• _Aim of the task_
In the listing below, find the line with "Veredas; veja fotos!" and the line with "1 Box, Tongxuan", then return them and every line between them exactly, minus the pictures.

• _Records shown_
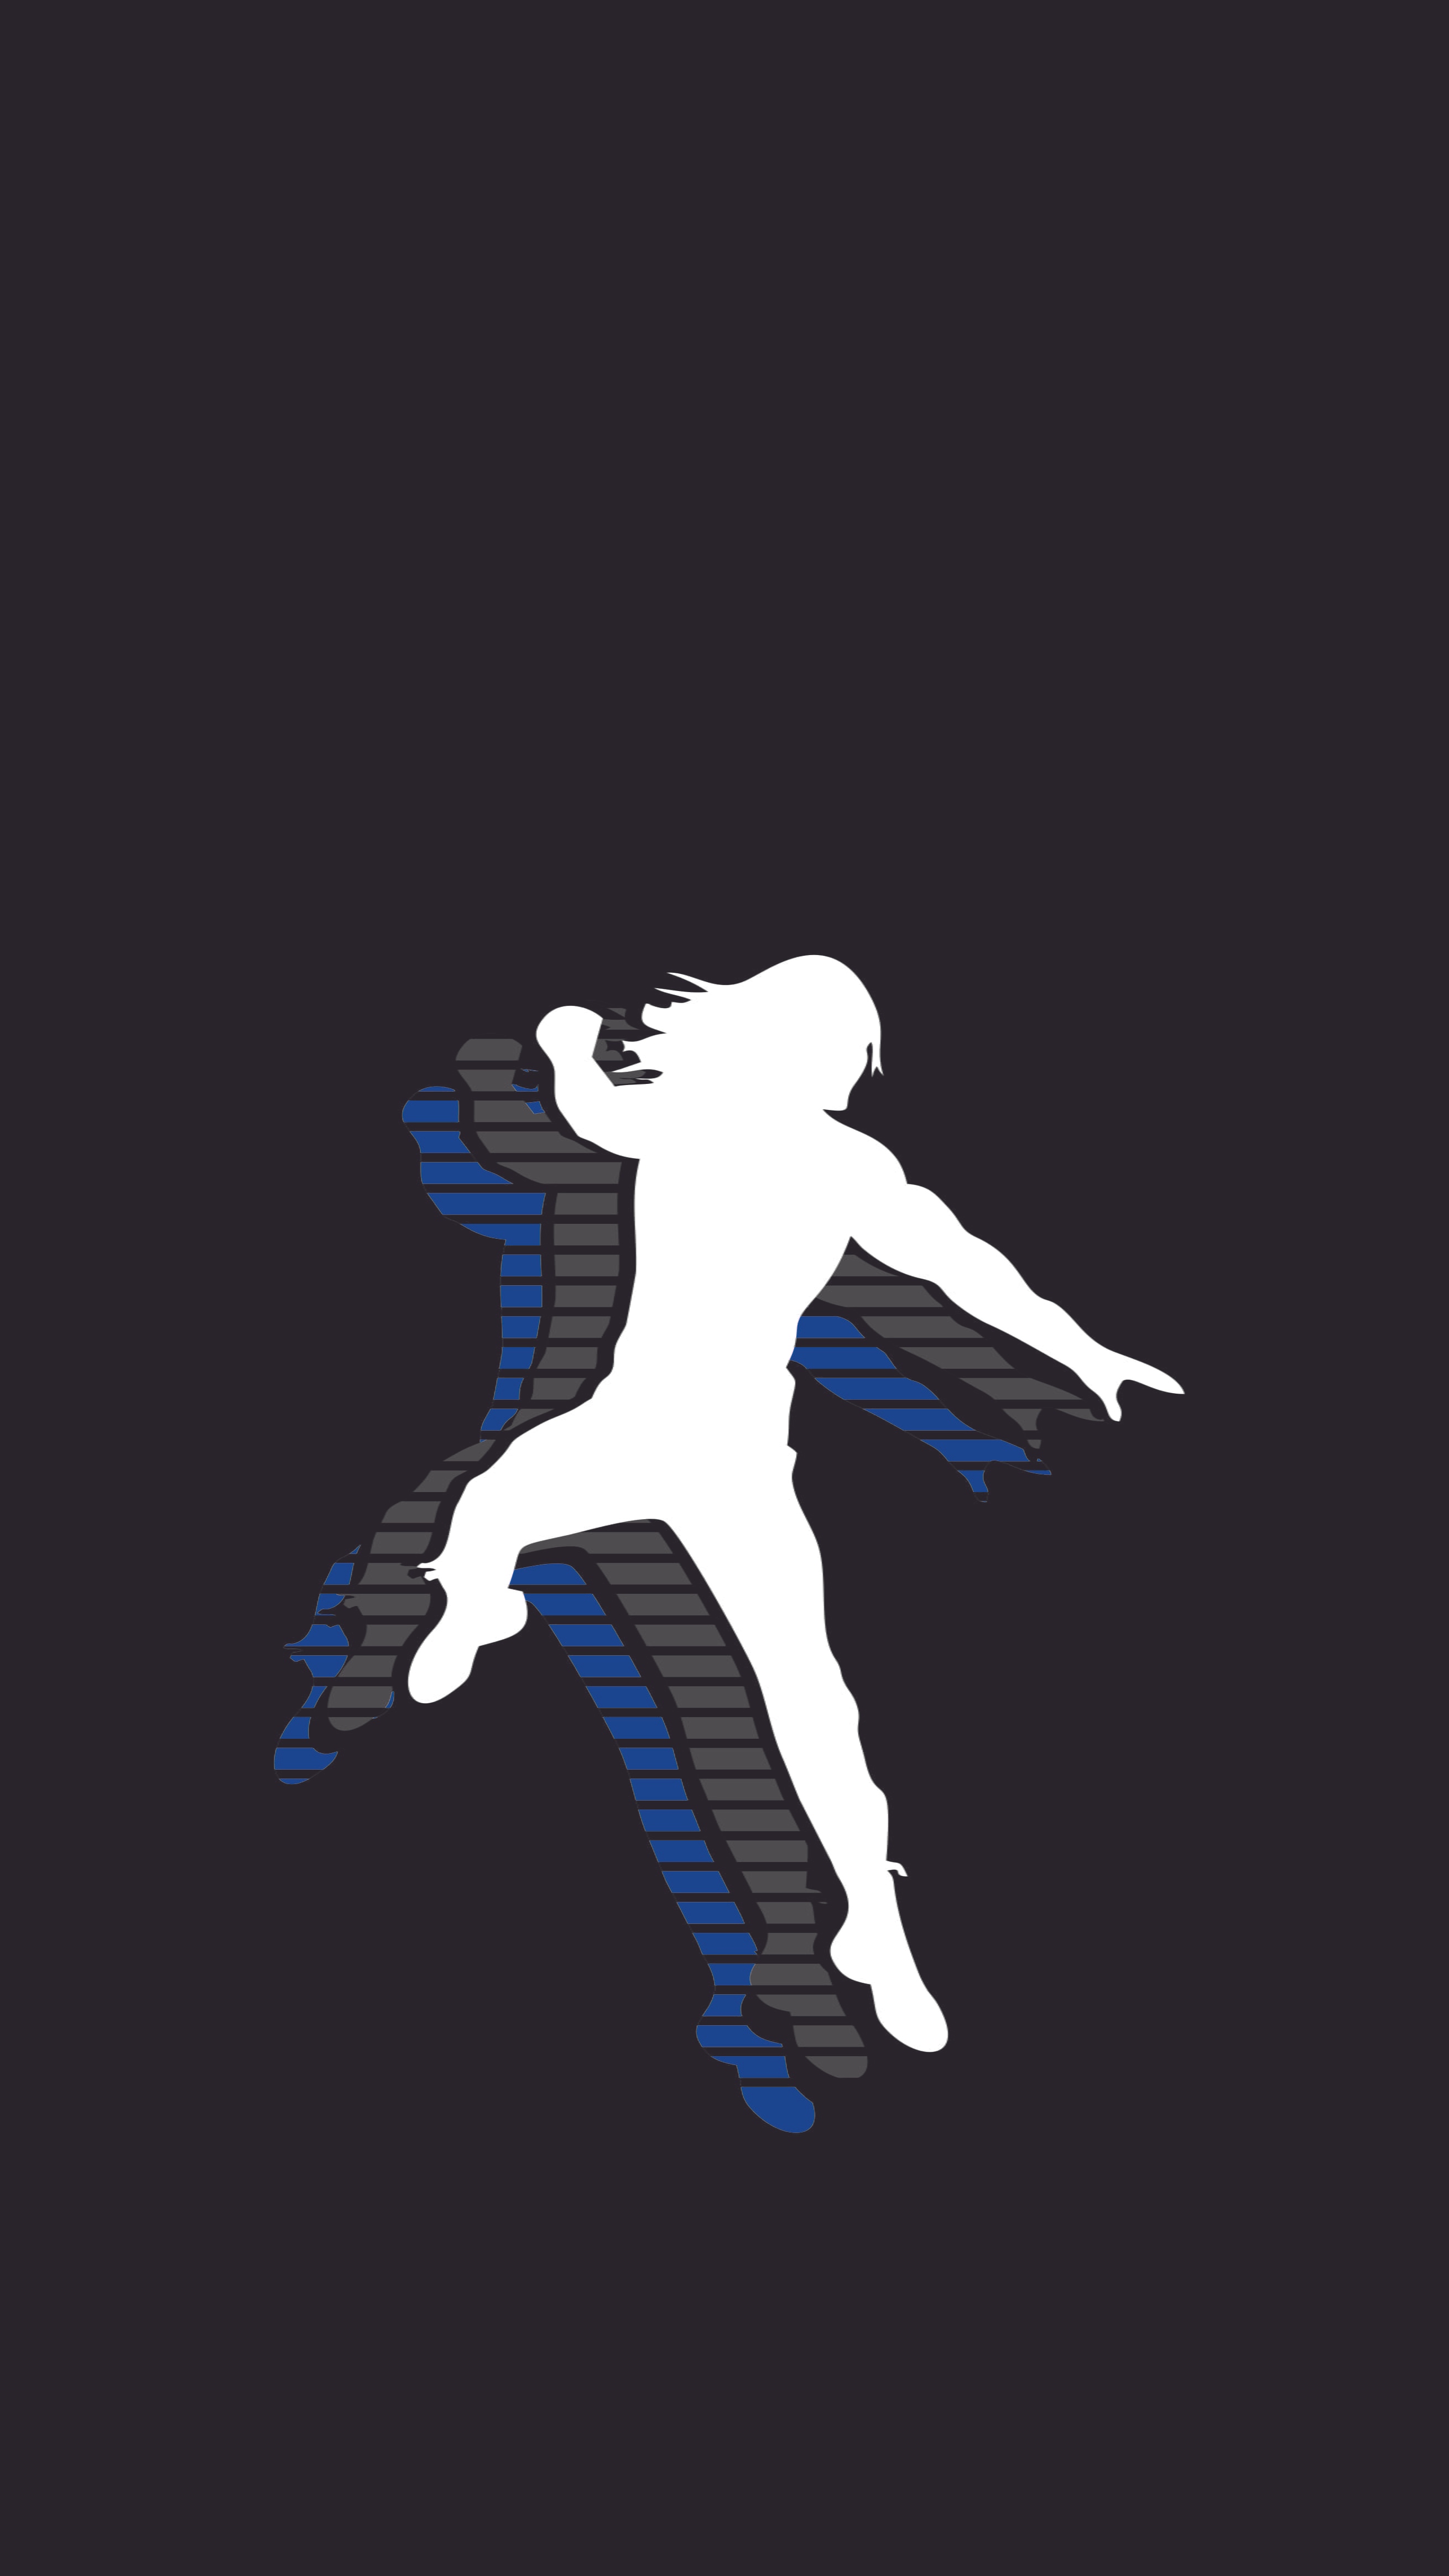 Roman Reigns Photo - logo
...
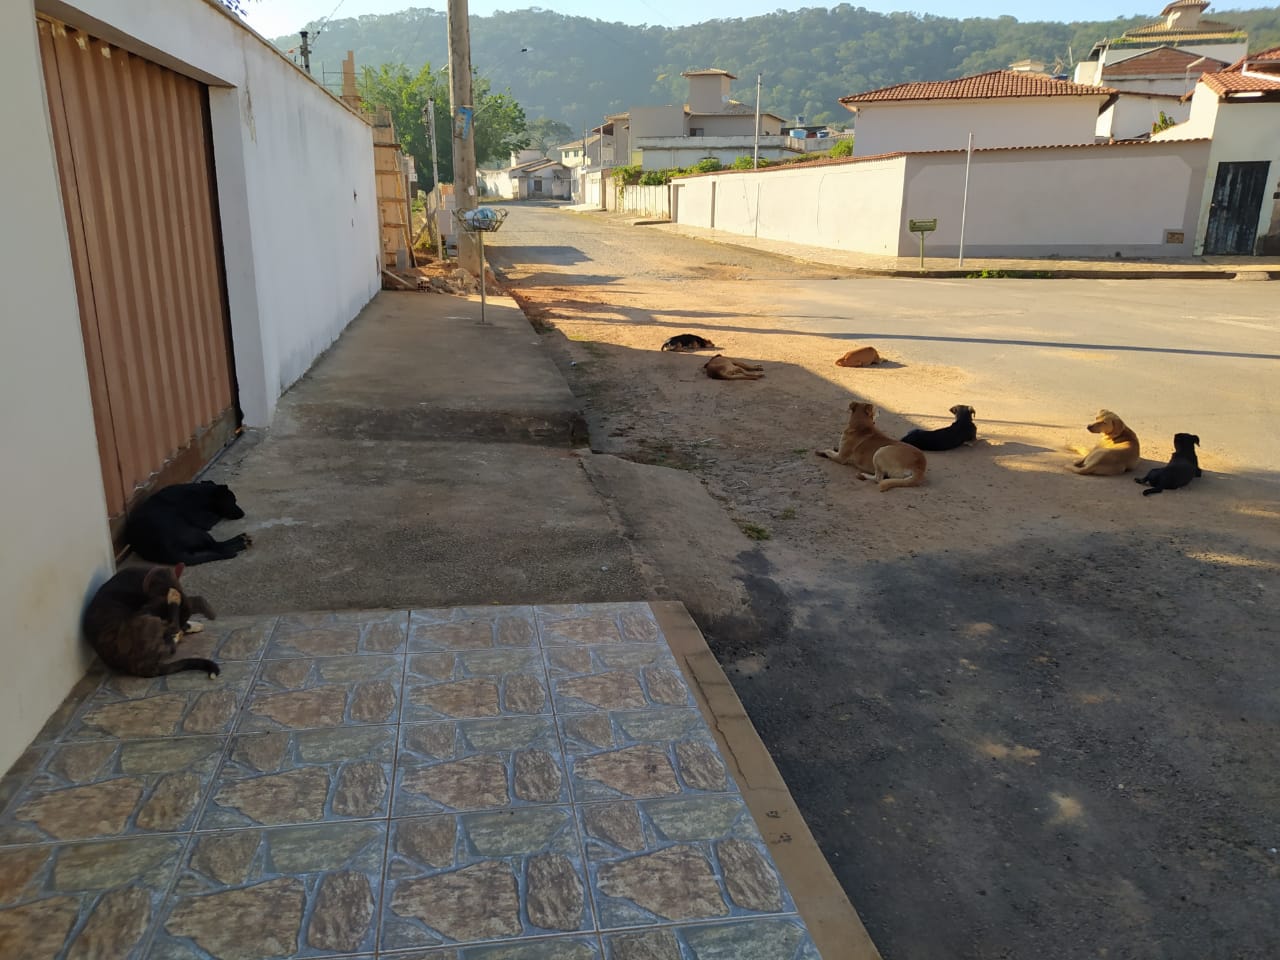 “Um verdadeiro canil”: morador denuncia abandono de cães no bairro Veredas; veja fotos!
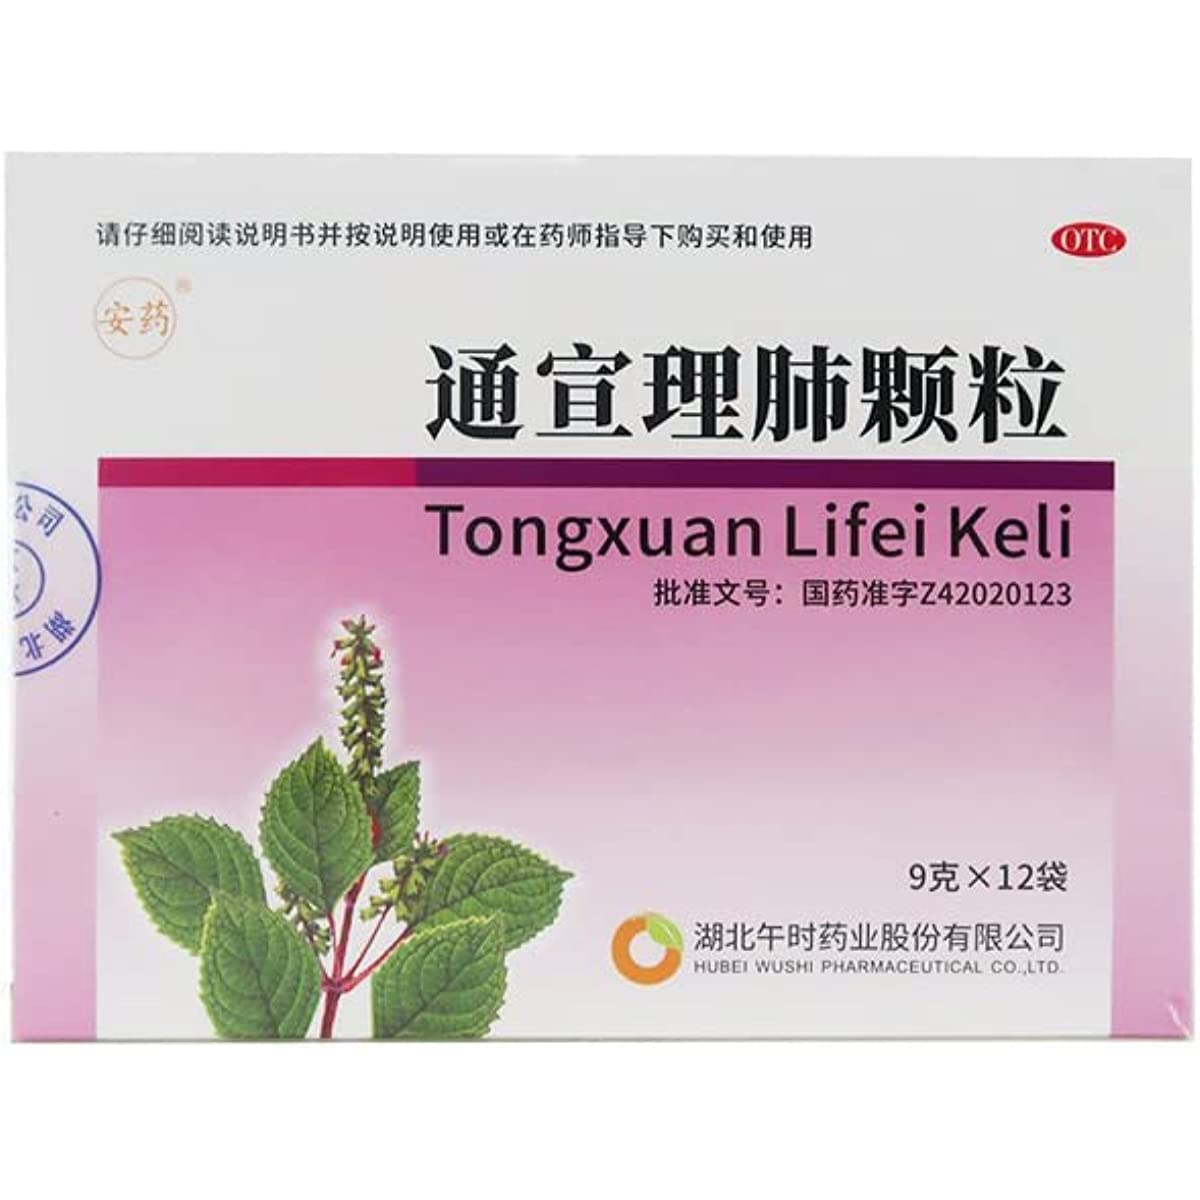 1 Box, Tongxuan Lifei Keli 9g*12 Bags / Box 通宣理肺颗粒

• _Response area_
 “Um verdadeiro canil”: morador denuncia abandono de cães no bairro Veredas; veja fotos!
 1 Box, Tongxuan Lifei Keli 9g*12 Bags / Box 通宣理肺颗粒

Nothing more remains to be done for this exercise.